2. Apparatus as in claim 1, wherein the prosthetic segments expand
upon application of a radially outward internal force, and the
elongated flexible carrier comprises a catheter having an
expandable member comprising the exterior surface which carries the
plurality of prosthetic segments.
3. Apparatus as in claim 2, wherein the expandable member has a
length in the range from 1 cm to 20 cm and is expandable to a
diameter in the range from 1 mm to 5 mm.
4. Apparatus as in claim 3, having from 3 to 50 prosthetic segments
carried by the expandable member.
5. Apparatus as in claim 2, wherein the expandable member comprises
an inflatable member.
6. Apparatus as in claim 1, wherein the prosthetic segments have
interleaved ends prior to axial separation.

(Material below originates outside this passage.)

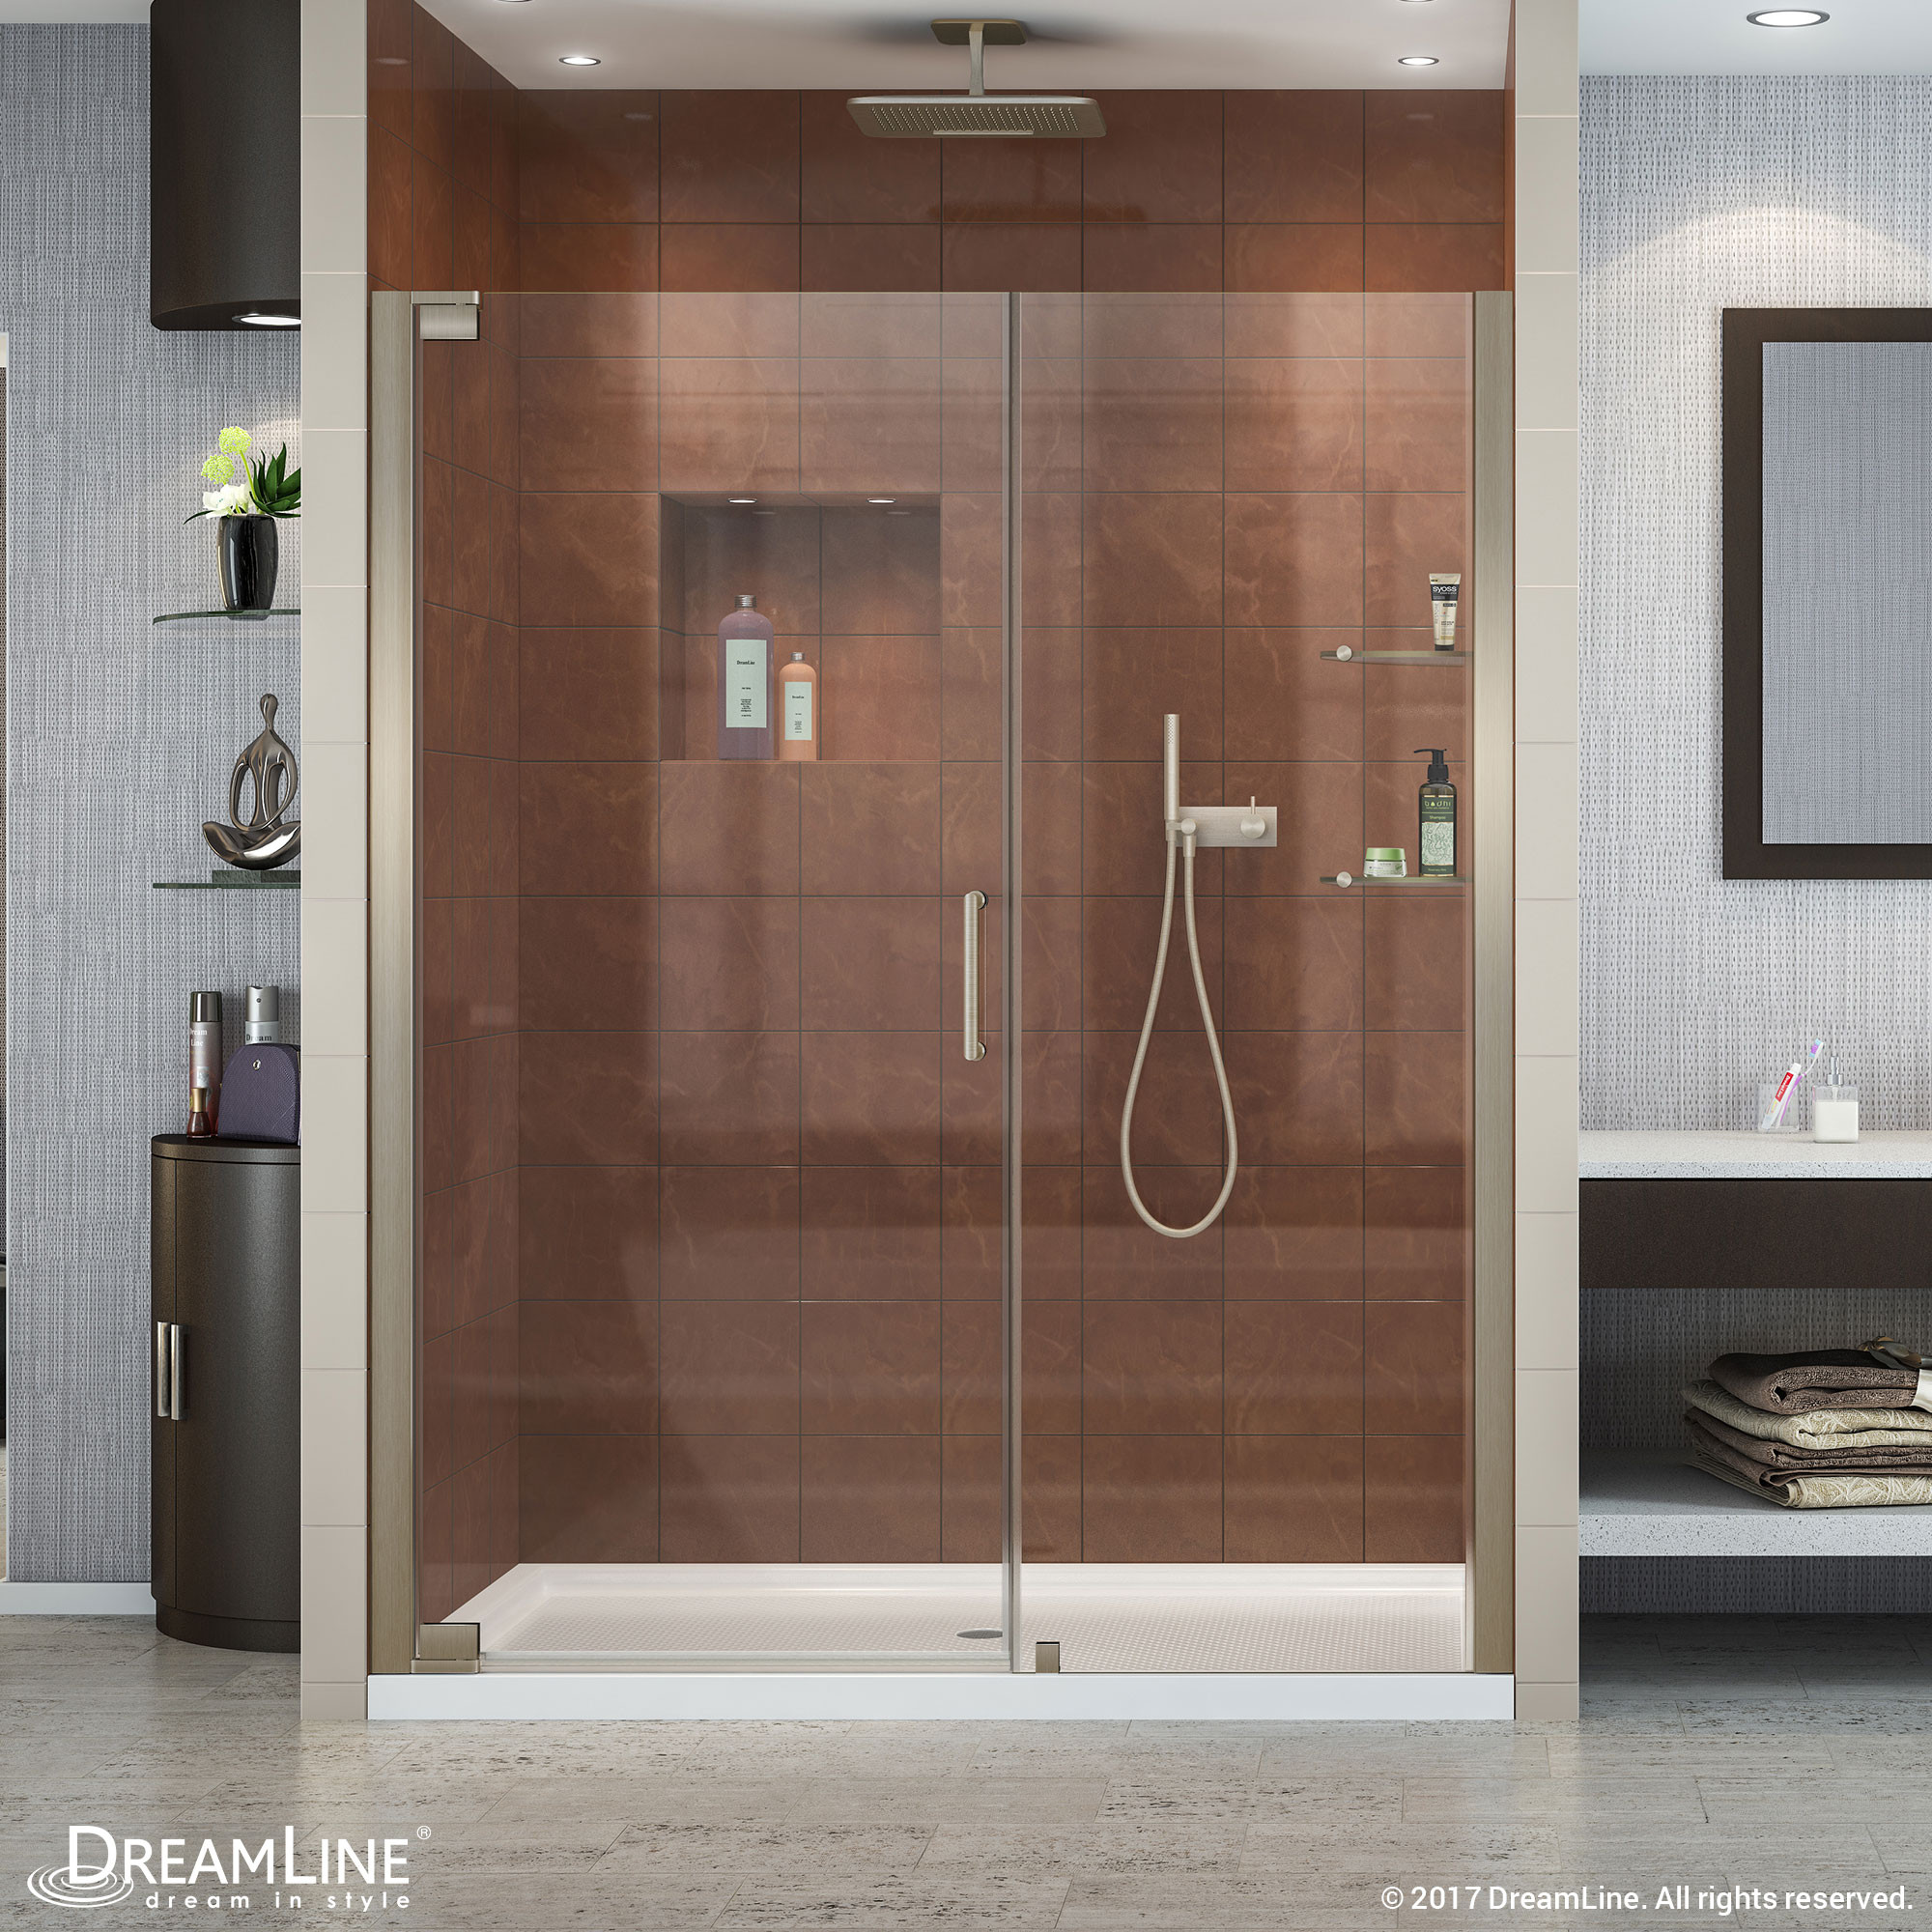 Dreamline SHDR-4154720-04 Brushed Nickel Elegance 54 1/2 to 56 1/2" Shower Door

7. Apparatus as in claim 1, wherein the prosthetic segments each
have a length in the range from 2 mm to 20 mm.
8. Apparatus as in claim 1, wherein the separator comprises a
separator tube having an engagement member near a distal end of the
separator tube.
9. Apparatus as in claim 8, wherein the separator comprises a
separator tube that surrounds a proximal group of segments after
the separator has been distally advanced.

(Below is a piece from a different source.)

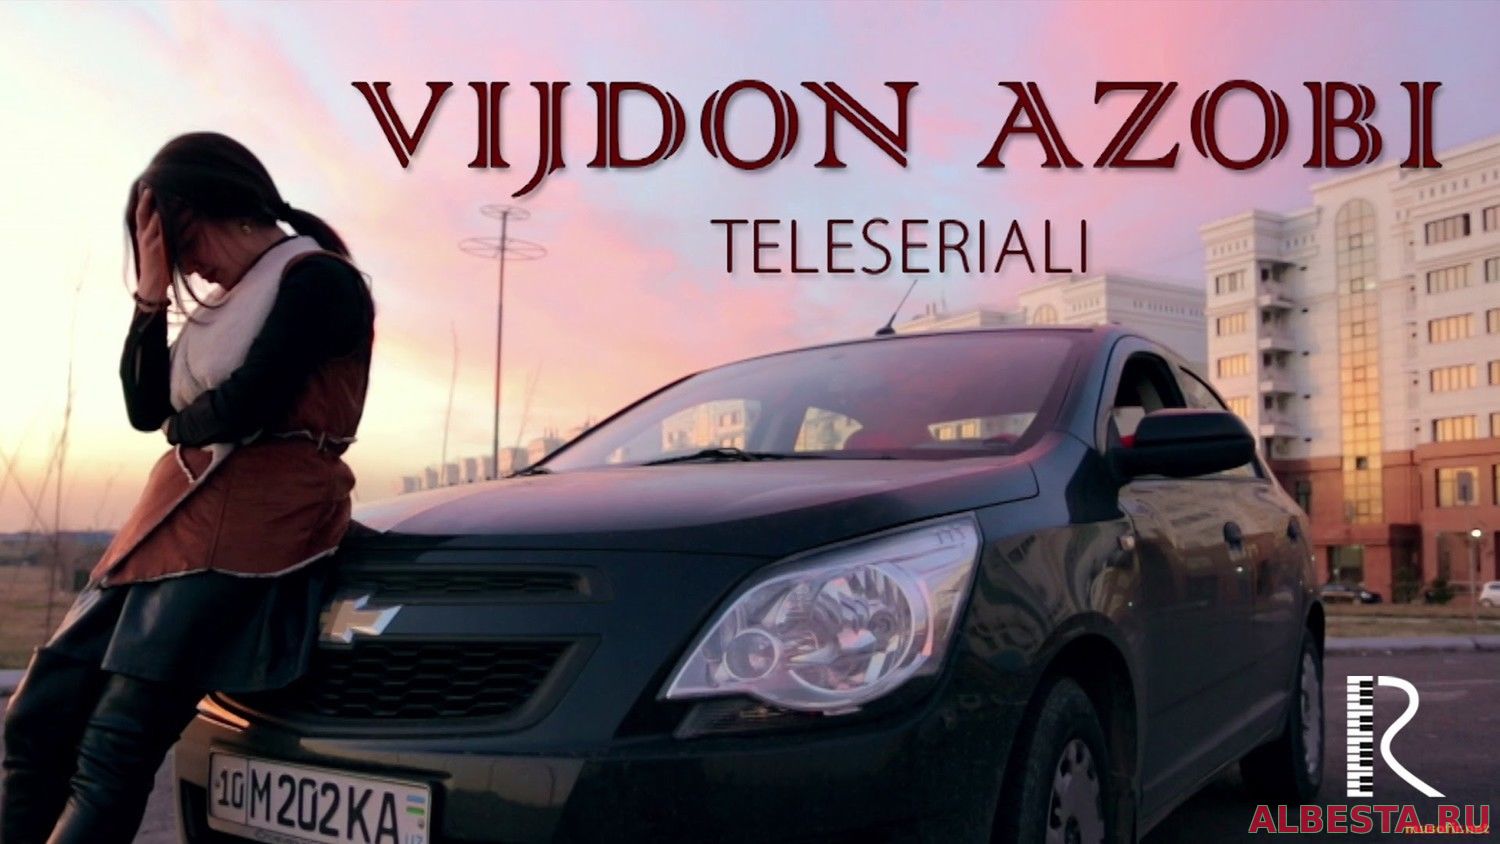 Vijdon azobi 2-3 qism yangi ozbek seriali 2016 смотреть онлайн

10. Apparatus as in claim 8, wherein the engagement member
comprises a grip structure that passes over the prosthetic segments
when the separator tube is advanced distally and which grips a
prosthetic segment as the separator tube is pulled proximally.
11. Apparatus as in claim 10, wherein the grip structure exerts
greater force against the prosthetic segment as the separator tube
is pulled proximally than when the separator tube is pushed
distally.
12. Apparatus as in claim 10, wherein the grip structure is spaced
proximally from the distal end of the separator tube by a distance
equal to about one-half to twice the length of a prosthetic
segment.
13. Apparatus as in claim 10, wherein the grip structure comprises
a multiplicity of radially inwardly located resilient fingers.
14. Apparatus as in claim 13, wherein at least some of the fingers
are inclined proximally so that they will pass over the prosthetic
segments as the separator tube is advanced distally but will engage
a segment when the separator tube is pulled proximally.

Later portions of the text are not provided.